Она тупо глазела на знакомого чужака.

— Лучше вам войти.

А голова лихорадочно работала. Зачем он явился? Что ему надо? Если ждет, что она повиснет на нем, плача от радости, пусть не надеется. Нету нее материнских чувств. Никаких. О господи! Если это когда-нибудь выйдет на свет…

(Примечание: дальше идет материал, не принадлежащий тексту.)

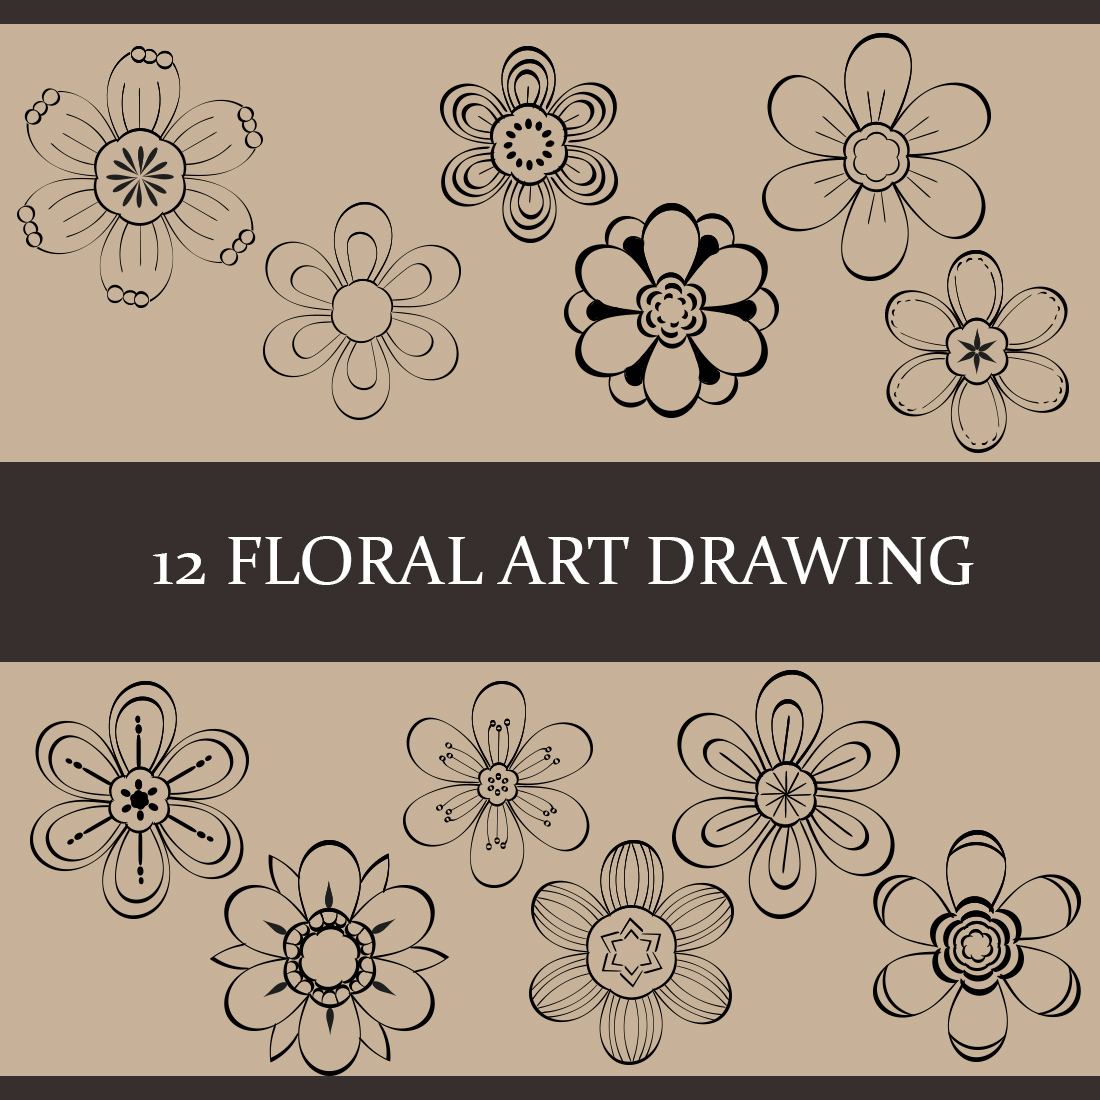 Floral Art Drawing With Line-Art cover image.

«Может, он хочет денег? Выглядит чудищем. Ни в чем не признавайся. Посмотри, что он знает.

А откуда он может что-нибудь знать? Они мне обещали — те две женщины — обещали, что никто никогда не узнает».

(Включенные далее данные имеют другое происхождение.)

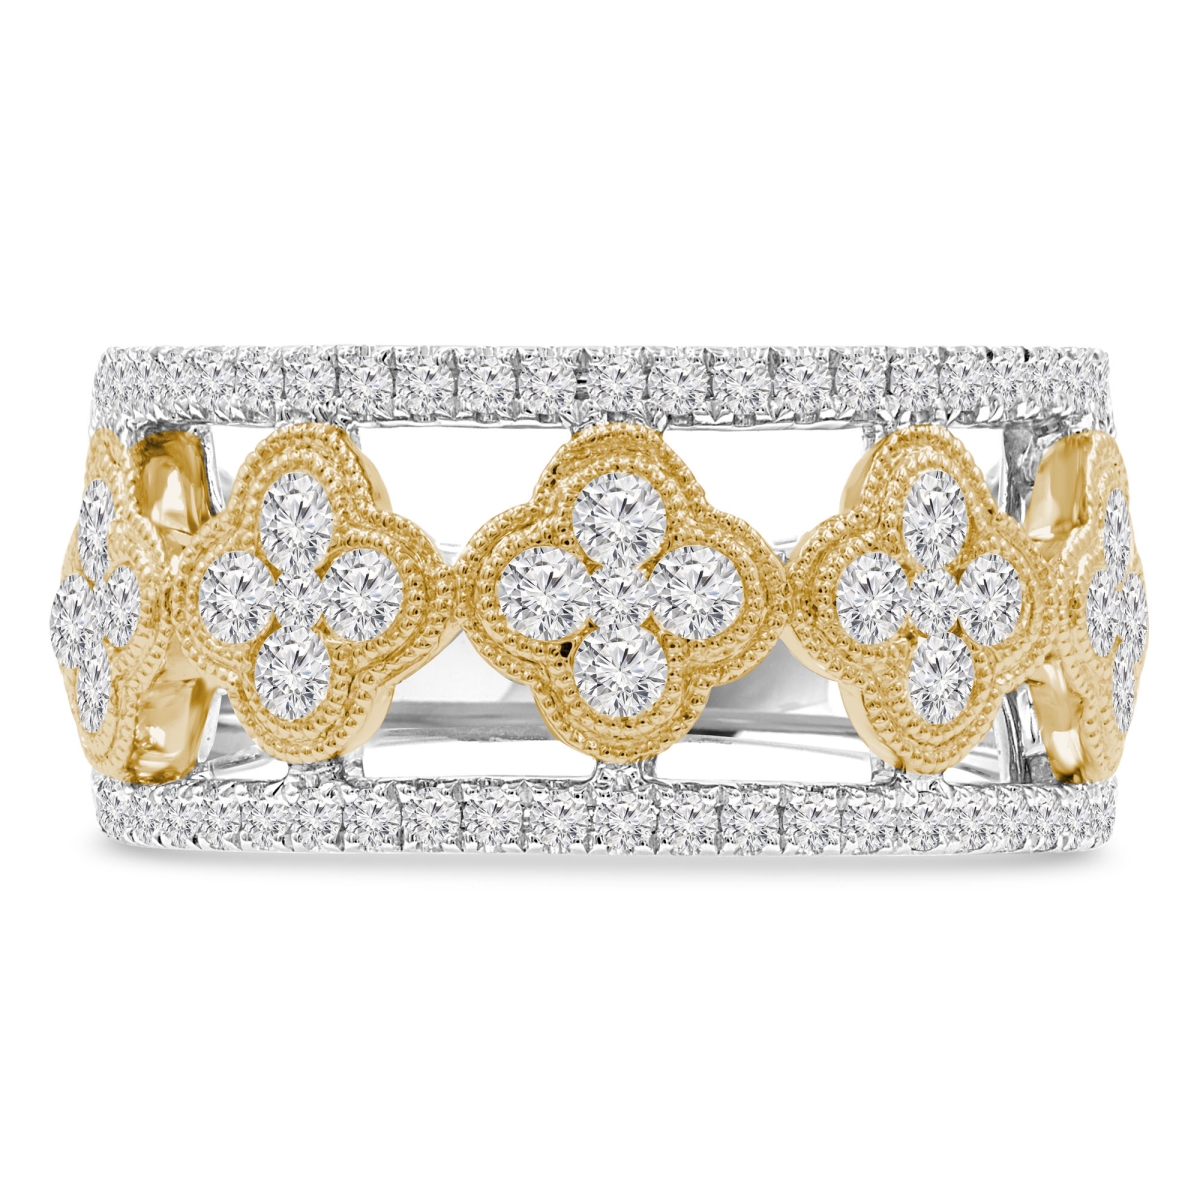 Picture of Majesty Diamonds MDR210140-8.5 1 CTW Round Diamond Cocktail Ring in 14K Two-Tone Gold - Size 8.5

Он пошел в дом за ней следом. Она повела его на кухню, радуясь, что слуги на выходные ушли. По крайней мере она сможет одна с ним разобраться.

— Садись, — сказала она, взяв себя в руки. Она умышленно старалась говорить небрежным тоном. — Знаешь, по-моему, т№ ошибся. Может, скажешь, кто тебя надоумил?

— Была у меня проститутка по имени Джой, — сказал он, закрывая глаза темными плотно прилегающими очками от солнца. — Ее нет сейчас, но я ее любил. И ты ее полюбишь.

Сейди поежилась от страха.

— Что?

— Проститутки одного поля ягоды.

Ее терпение лопнуло.

— Кто ты? Что тебе надо?

— Я твой сын, — спокойно отозвался он. — Ты ведь знаешь.

— Да перестань ты! Сделай милость. С чего ты взял?

— Мне рассказала Нита Кэрролл.

— Я не знаю никого с таким именем.

Он неожиданно развернулся и изо всех сил ударил ее по лицу.

— Врешь, сучья проститутка! — взвизгнул он. — Я знаю правду, а ты мне расскажешь еще больше!

Удар был такой силы, что свалил ее на пол, и она, оглушенная, там лежала, поняв вдруг, в какой находится опасности.

Это не давно утраченный сын. Это какой-то маньяк. А она его впустила в дом.

Элейн энергично расчесывала волосы щеткой. Во всем теле с головы до пят ощущалось приятное покалывание. Нет больше такого, как Росс, — нет. Величайший любовник на свете, когда захочет.

Она по порядку намечала программу на следующую неделю.

Парикмахер, маникюр, спортивный зал — больше не у Рона Гордино, кому нужен Рон Гордино? Может, попробует «Тренировку»

Джейн Фонды или «Все для тела» Ричарда Симмонса. Она тихонечко мурлыкала себе под нос. Позвонит Биби и предложит вместе пообедать. Биби разнесет новость о том, что Росс вернулся, быстрее, чем «Голливуд рипортер».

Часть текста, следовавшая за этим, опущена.